As a consumer of science journalism, I have long followed articles like this one that ask whether the understanding of death is a uniquely human phenomenon or not. The evidence seems reasonably strong that, at the very least, humans are not the only creatures that struggle to make sense of the transition between life and death. The expressions of loss and grief that can show up in nonhuman species are moving. But humans do seem to have especially developed perspectives on death, and therefore on grief. There are as many ways of reckoning with mortality as there are human cultures, and maybe as many ways as there are human beings. We all find our way through grief differently. But one aspect of human culture—religion—seems particularly attuned to the challenges of living with loss. Religions usually offer some structure for thinking about the meaning of death, and they can suggest important rituals for making sense of it. (Whether or not animals have rituals around death and loss is hotly debated, and it has implications for how we think about human religion. So far the answer is a resounding maybe).
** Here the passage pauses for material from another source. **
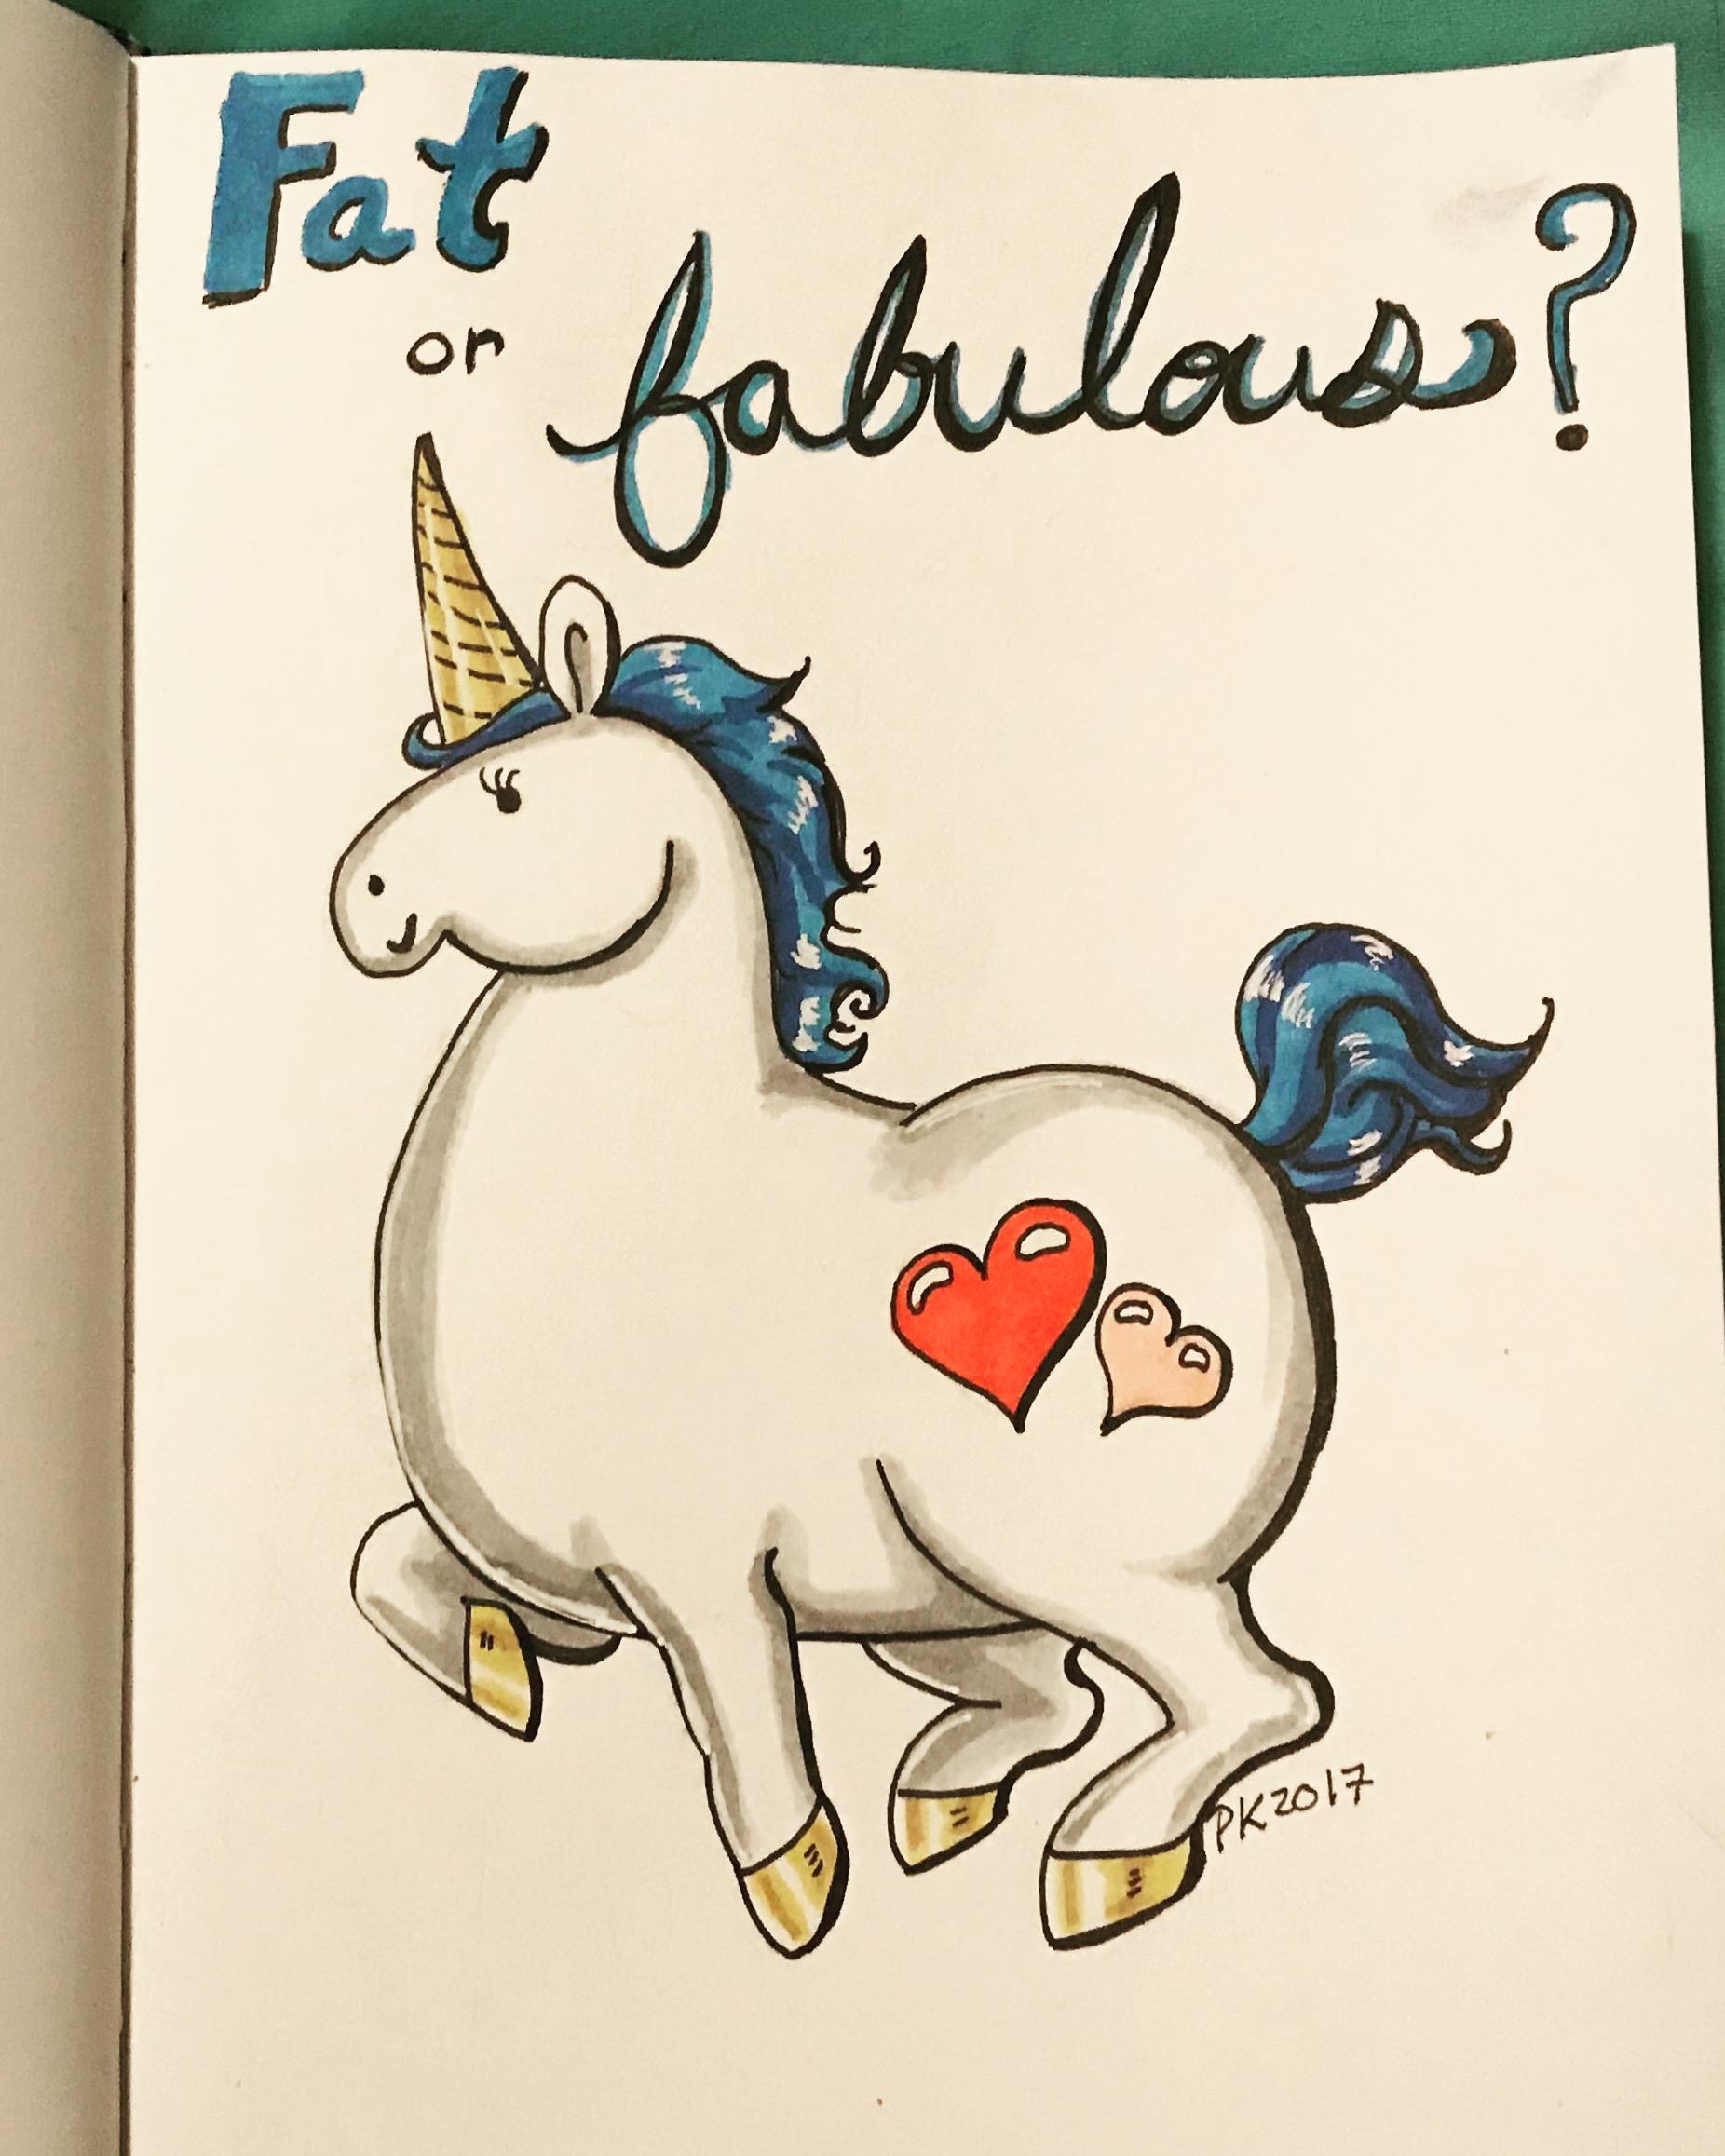 Fat or fabulous?

For many Christians, reflection on death is concentrated in one special time of the year, which is approaching this week: All Saints’ Day and All Souls’ Day. Different Christian traditions handle these differently; some celebrate them separately, and some conflate them and celebrate them together (with an emphasis on “saints” as all believers or all persons), and some even focus on a third day, All Hallows’ Eve or Halloween. Some churches don’t mark these days at all, or they include a small ritual within an otherwise-normal service. But some churches spend a whole Sunday service on All Saint’ Day or All Souls’ Day or both, or they even add a special service devoted to those themes. I have found, across the three different denominational traditions I am most familiar with, that All Saints’ Day services and rituals have offered a lot of comfort and structure for reflecting on death and grief. There is something powerful about having a framework to name our losses and make sense of them.
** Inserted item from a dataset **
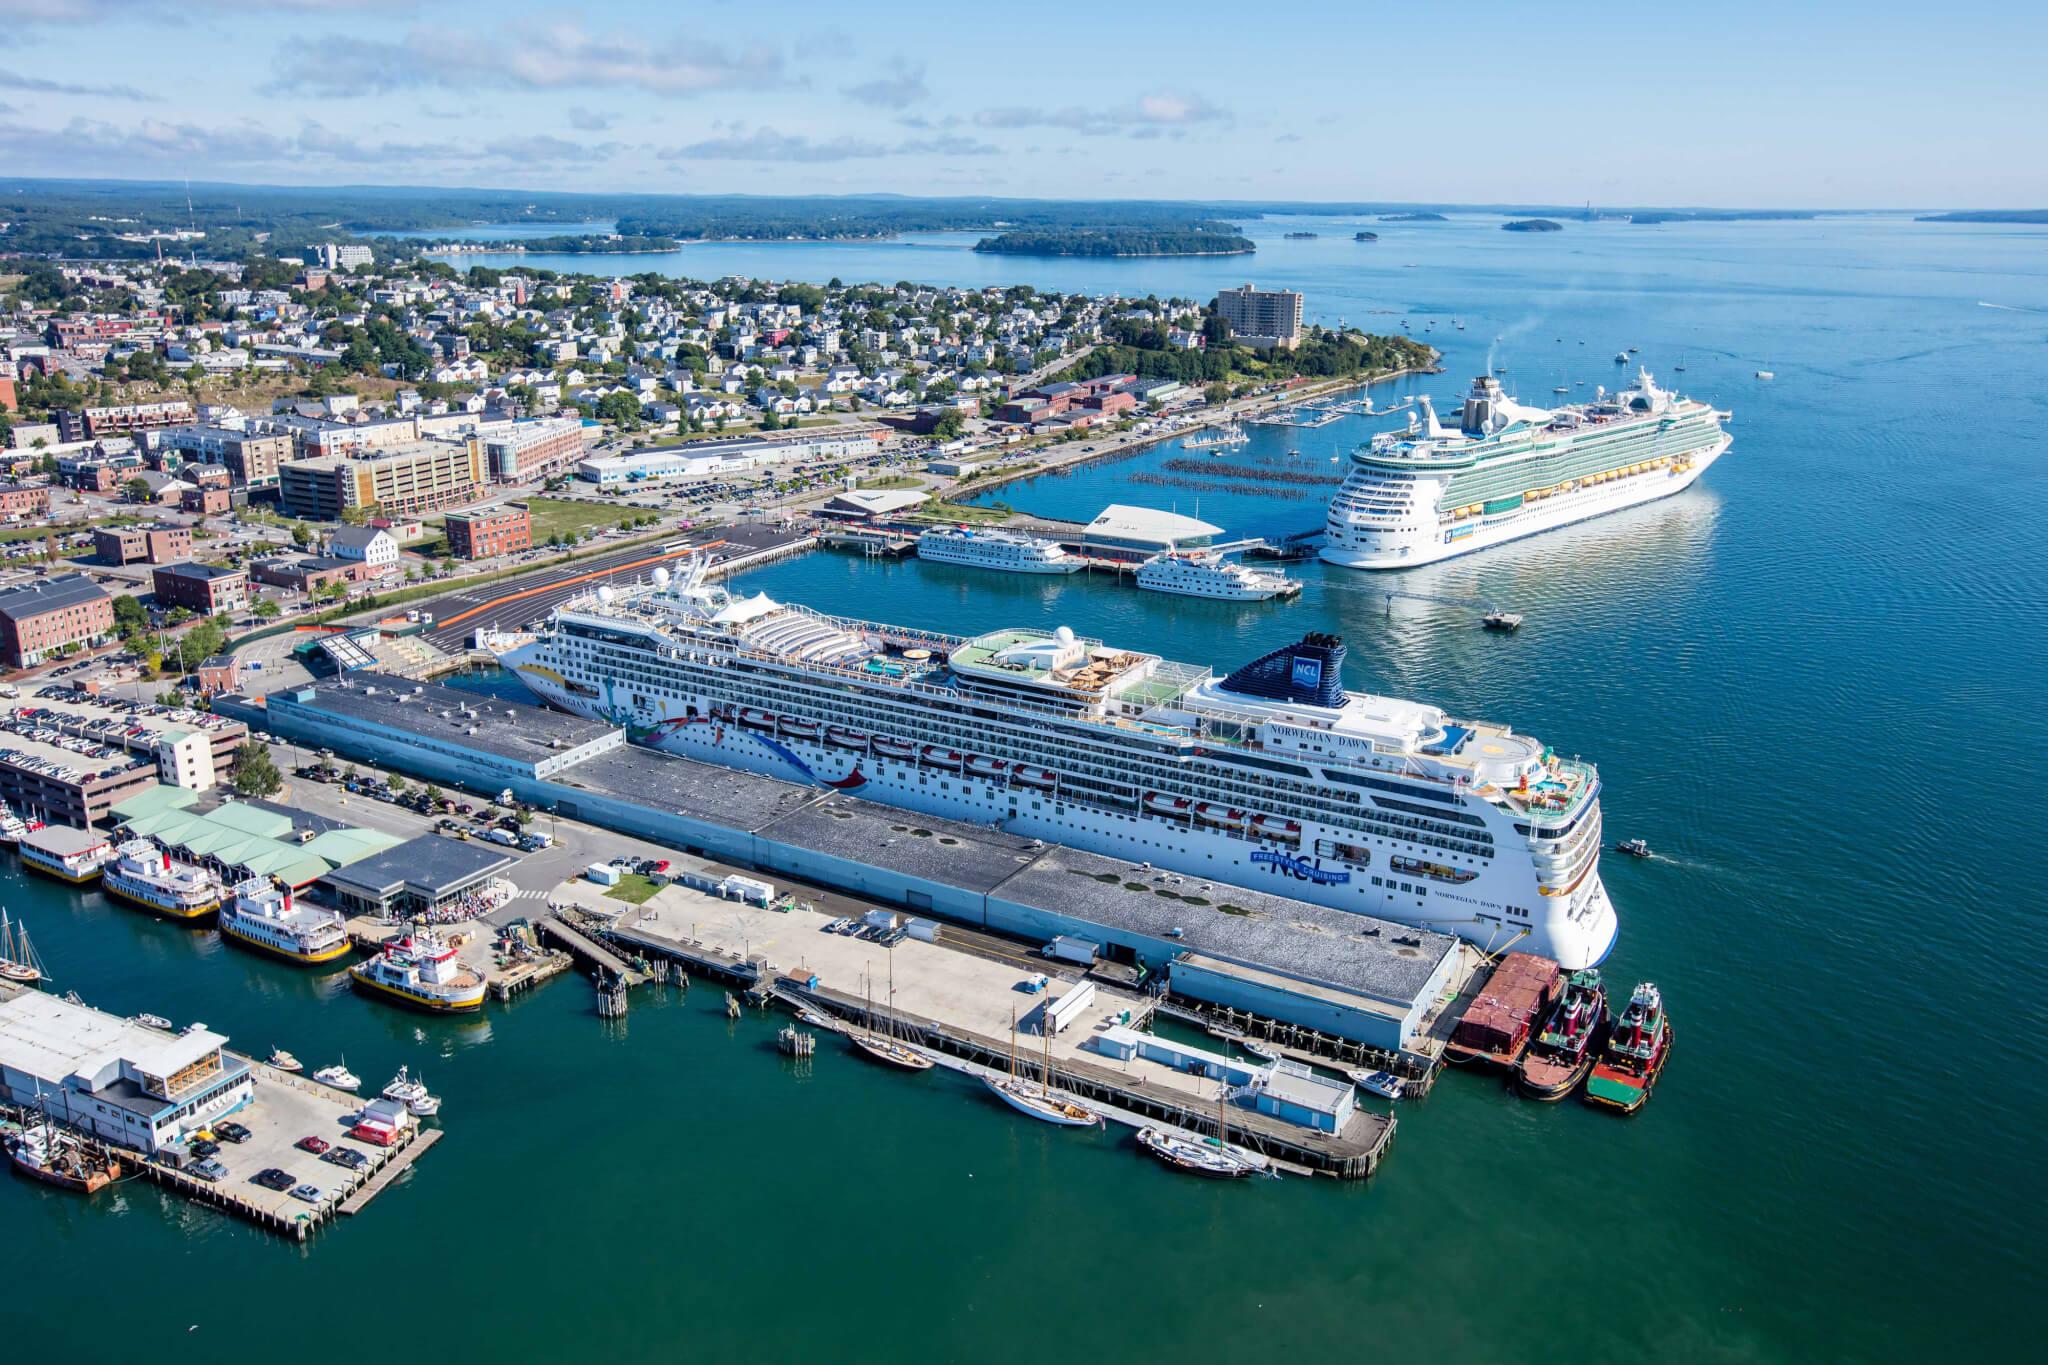 Cruise Ship Bus - Sept. 30

The lectionary readings for All Saints’ Day (and All Souls’ Day) gather reflections on death from across the biblical canon (and, for Protestants, one reading from the Apocrypha, which functions as a kind of para-canonical collection). As we might expect from an archive of human experience, the Bible contains many encounters with death and many reflections on its meaning. The ones curated for this set of lectionary readings are just a sample of the many ways the biblical texts contemplate human impermanence and grief. There are many other texts and stories that might have been added. But even a limited collection like this week’s lectionary texts offers rich resources for our consideration.
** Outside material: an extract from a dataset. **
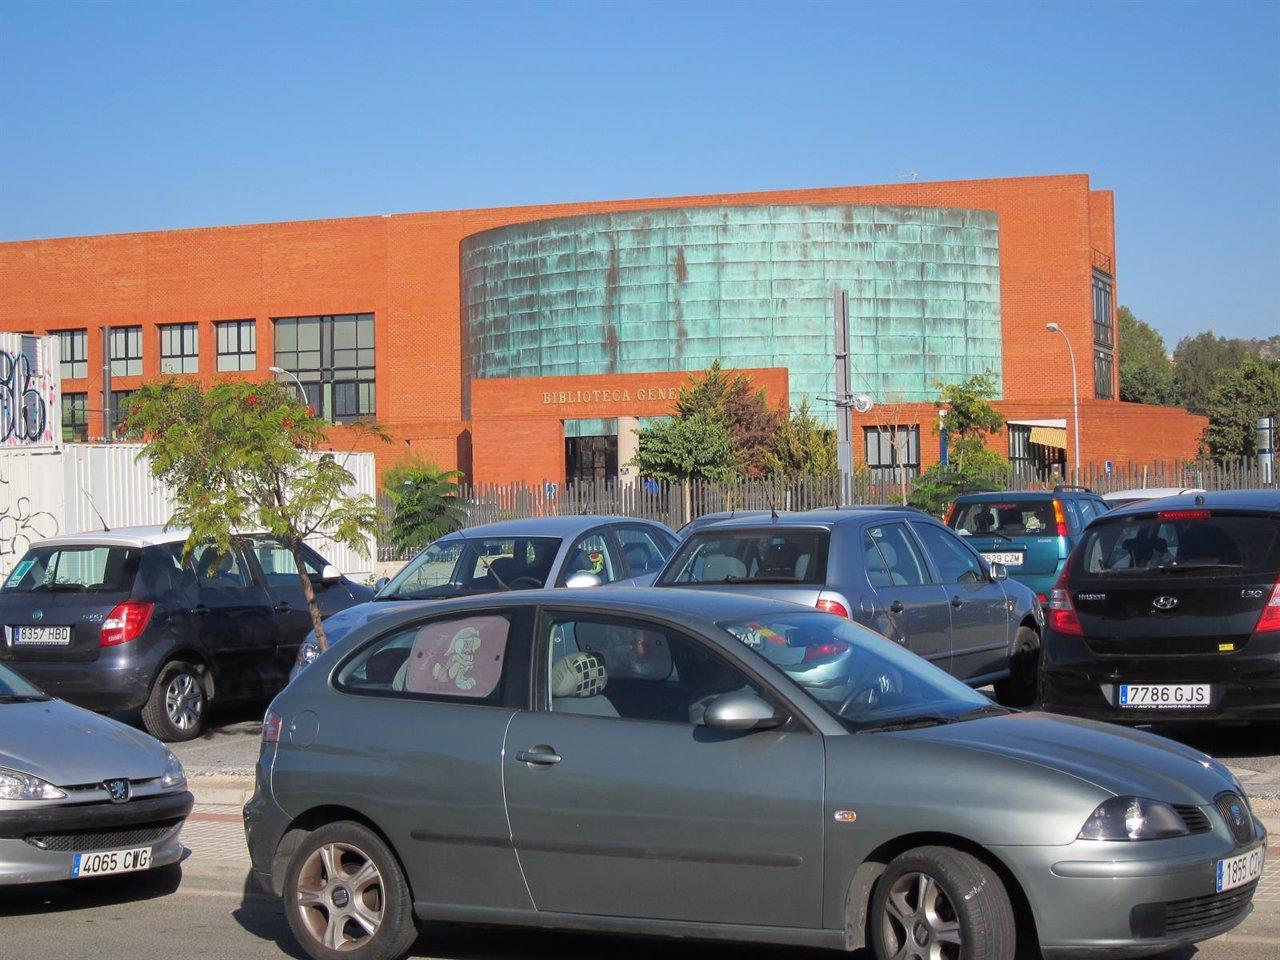 UMA, Universidad, Facultad, biblioteca general, Aparcamiento,

The first passage comes from Wisdom of Solomon, which is not canonical in the Protestant tradition, but which nevertheless shows up in lectionary readings from time to time. This passage, 3:1-9, begins with a bold claim: “the souls of the righteous are in the hand of God.” The passage then goes on to narrate some of the debate that human beings often have about death and how to make sense of it. The passage claims that death is not a bad thing, but that it can be thought of as almost a blessing, and that the dead (at least the righteous dead) reside with God. Perhaps you’ve heard something like this at a funeral before: “well, she’s with God now,” or “he’s met his savior.” This was a lively debate in the early church—whether people who died went immediately to be with God in heaven, or whether they stayed in their graves to await the resurrection. Passages like Revelation 6:9-11 seemed to suggest that at least martyrs were in heaven with God (in their case, under the altar of heaven), and this passage from Wisdom of Solomon also presumes that. But the more popularly held idea was that the dead waited in their graves, and that all people would be resurrected at once. Perhaps as time passed that position became harder to defend, and it was more comforting to imagine people who had passed away as moving directly to God’s presence. Today, I think that’s what most Christians who believe in an afterlife assume: that eternal life, whatever that means to them, begins upon death, and not after a long delay waiting for Jesus’ return.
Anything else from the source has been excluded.